Pavone was co-creator, as well as occasional producer and writer, for the series High Incident (1996–97). In 2002 Pavone was a writer for the television series Street Time. In 2005 Michael Pavone became a writer for the Fox Network show Prison Break. He is credited for writing the episode "Cell Test" in Season 1 of the show.

Pavone occasionally worked as an actor between 1998 and 2019, appearing in 16 episodes of four different television, as well as credits for appearing in four short films.
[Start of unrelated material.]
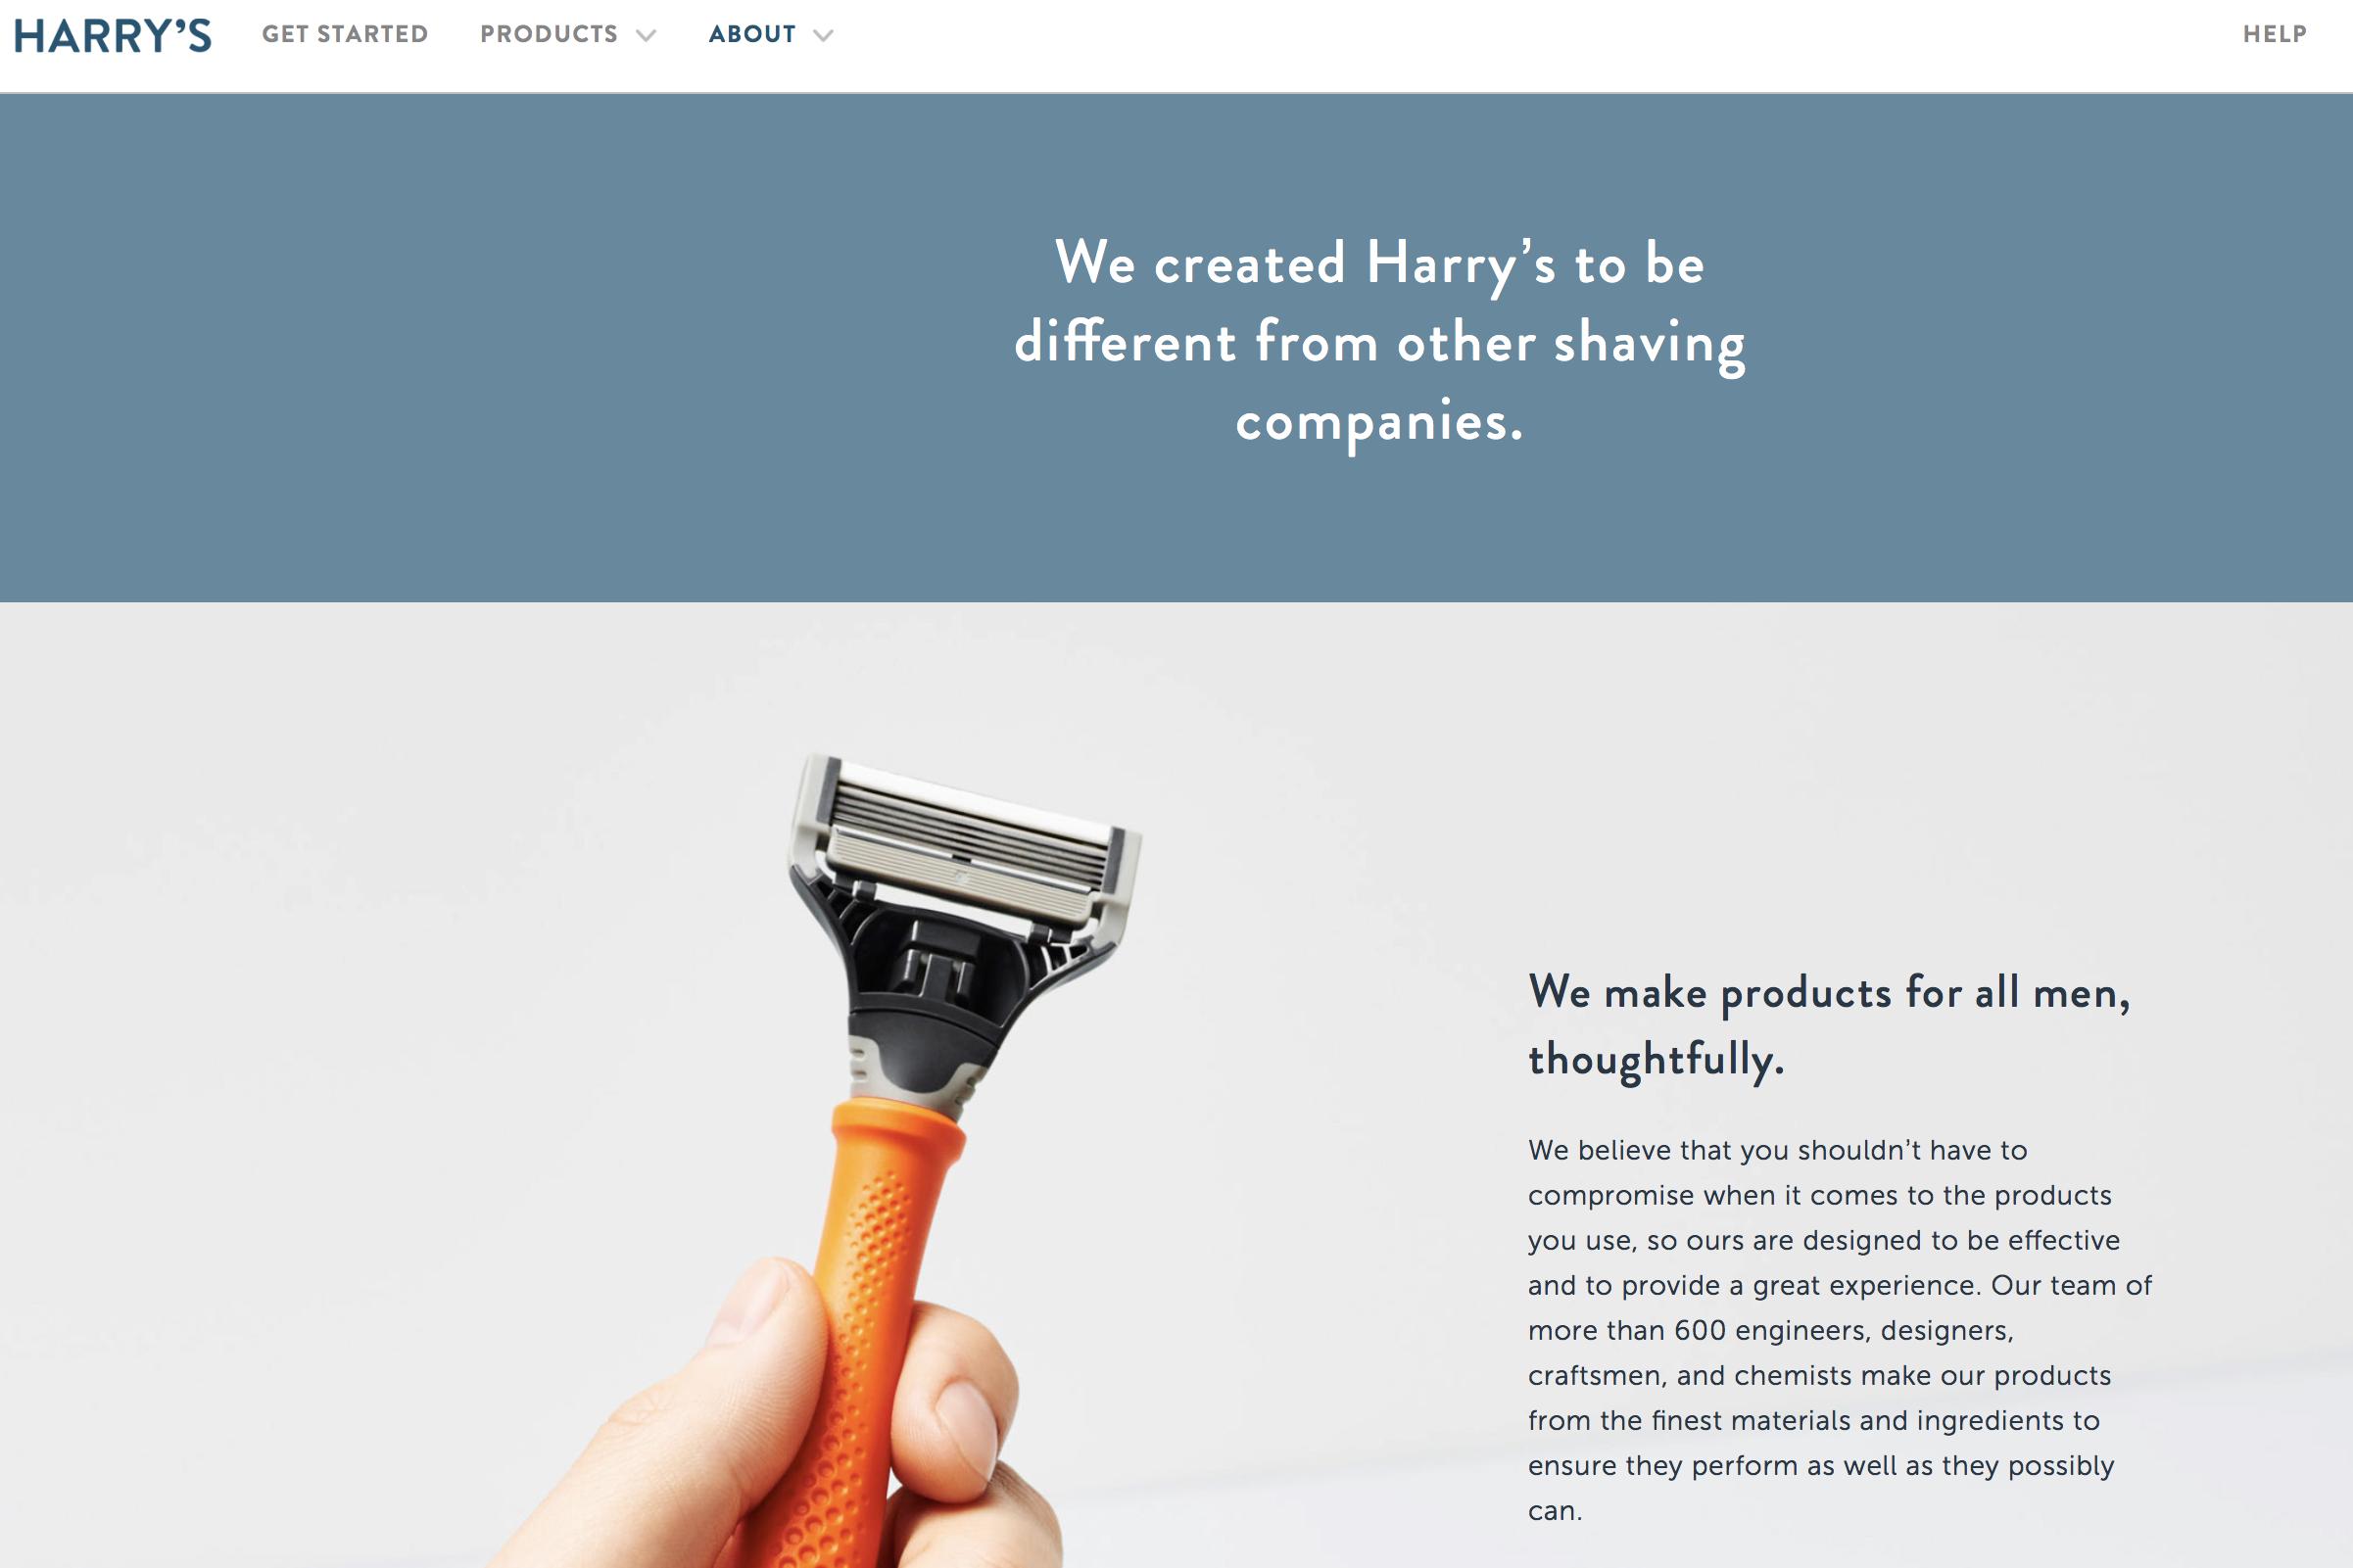 估值 13.7亿美元!创办6年的互联网剃刀及理容品牌 Harry's 被美国个护巨头 Edgewell收购

His most prolific work was 12 episodes – ranging from two to five appearances per season – over the four season run of Any Day Now (1998–2002).

Pavane has also worked as television director, directing episodes of Jack & Jill, Everwood and the aforementioned The Client series. As well as directing the films That's What I Am (2011), The Reunion (2011), which were both produced by WWE Studios.

===WWE===
It was reported in the August 4, 2008 edition of the Wrestling Observer Newsletter that Pavone was hired by WWE as a creative consultant to the writers of the company's shows Monday Night Raw on USA Network and Friday Night SmackDown on Syfy
In June 2009, Pavone took over as executive VP of WWE Studios, replacing Michael Lake, who left the company to pursue other opportunities.

Los Angeles Times reported on August 12, 2011, Mike Pavone has left the company. There was no public reason given for his departure. Pavone's exit from WWE Studios came after the lackluster box office performance of the film That's What I Am.